Возьмем в качестве критерия такое общественно — политическое событие, как Французская революция. Какая глубокая пропасть в отношении к ней разделяет, например, Мишле и Тэна, с его чрезвычайно меткой критикой якобинства, или, скажем, Эдмунда Бёрка, автора «Reflections on the Revolution in France»[315 — «Размышлений о Французской революции» (англ.).], которые были переведены на немецкий язык Фридрихом фон Генцем, этим романтиком от политики, и оказали огромное влияние на целые поколения; я сам во время первой мировой войны, то есть в ту пору своей жизни, когда я находился в плену консервативно — националистических и антидемократических настроений, с увлечением их цитировал. Это действительно первоклассная книга, и если доказательством правоты какого‑либо дела является то, что в защиту его пишут хорошо, то дело Бёрка — поистине правое дело.
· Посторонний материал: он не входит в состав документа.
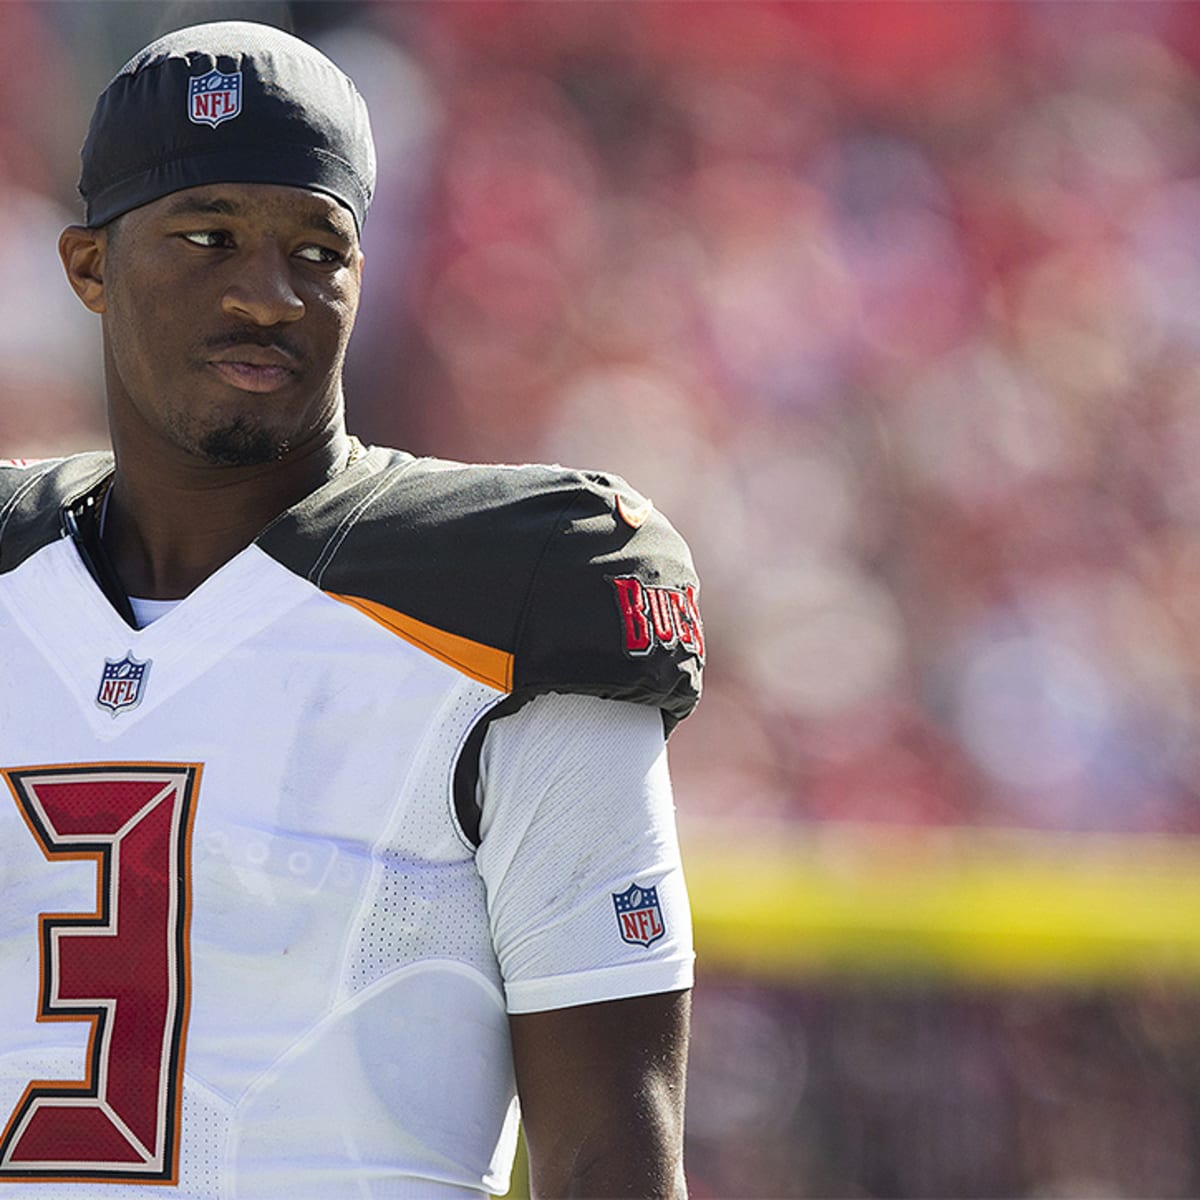 The good, the bad, the win for Bucs' Jameis Winston over the Colts

Вспомним также, что социально — критические устремления такого творца великих эпических полотен, как Бальзак, шли преимущественно «справа», хотя, например, барон Нусинген, этот продукт буржуазно — капиталистического общества, может подвергаться критике не только с правых, но и с крайне левых позиций. Да и в наши дни убедительный пример консервативной или, если хотите, реакционной социальной критики, сочетающейся с утонченнейшей художественной прогрессивностью, дал недавно скончавшийся Кнут Гамсун, отступник либерализма, сформировавшийся под влиянием Достоевского и Ницше, полный ненависти к цивилизации городской жизни, индустриализму, интеллектуализму и тому подобным вещам, заклятый враг Англии, настолько приверженный ко всему немецкому, что с приходом Гитлера к власти он с великой радостью отдал себя на службу национал — социализму и стал одним из тех, кого называют изменниками родины. Того, кто был хорошо знаком с его творчеством, творчеством великого писателя, не могли удивить ни его духовный путь, ни личная его судьба. Достаточно вспомнить, с каким комизмом, с какой злой иронией высмеивал Гамсун в своих ранних книгах таких исторически типичных представителей либерализма, как Виктор Гюго или Гладстон. Но то, что в 1895 году означало всего лишь оригинальную, парадоксальную эстетическую позицию, то, что было тогда изящной словесностью, в 1933 году обернулось политической злобой дня и тягчайшим, трагичнейшим образом омрачило мировую славу писателя.
Случаю с Гамсуном аналогичен случай с Эзрой Паундом — другой волнующий пример глубокой раздвоенности духа в отношении к общественным проблемам. Смелый художник, авангардист в лирике, он тоже бросился в объятия фашизма, пропагандировал его во время второй мировой войны как активный политический деятель и проиграл свою игру благодаря военной победе демократии. Когда он был уже арестован и осужден как предатель, жюри, состоящее из весьма заслуженных англо — американских писателей, присудило ему высокую литературную награду, премию Боллинджена, продемонстрировав тем самым пример величайшей независимости эстетического приговора от политики. А может быть, в действительности этот приговор был не так уж далек от политики, как кажется на первый взгляд? Не сомневаюсь, что я не одинок в своем желании узнать, присудили бы эти весьма заслуженные члены жюри премию Эзре Паунду, если бы он вдруг стал не фашистом, а как раз наоборот…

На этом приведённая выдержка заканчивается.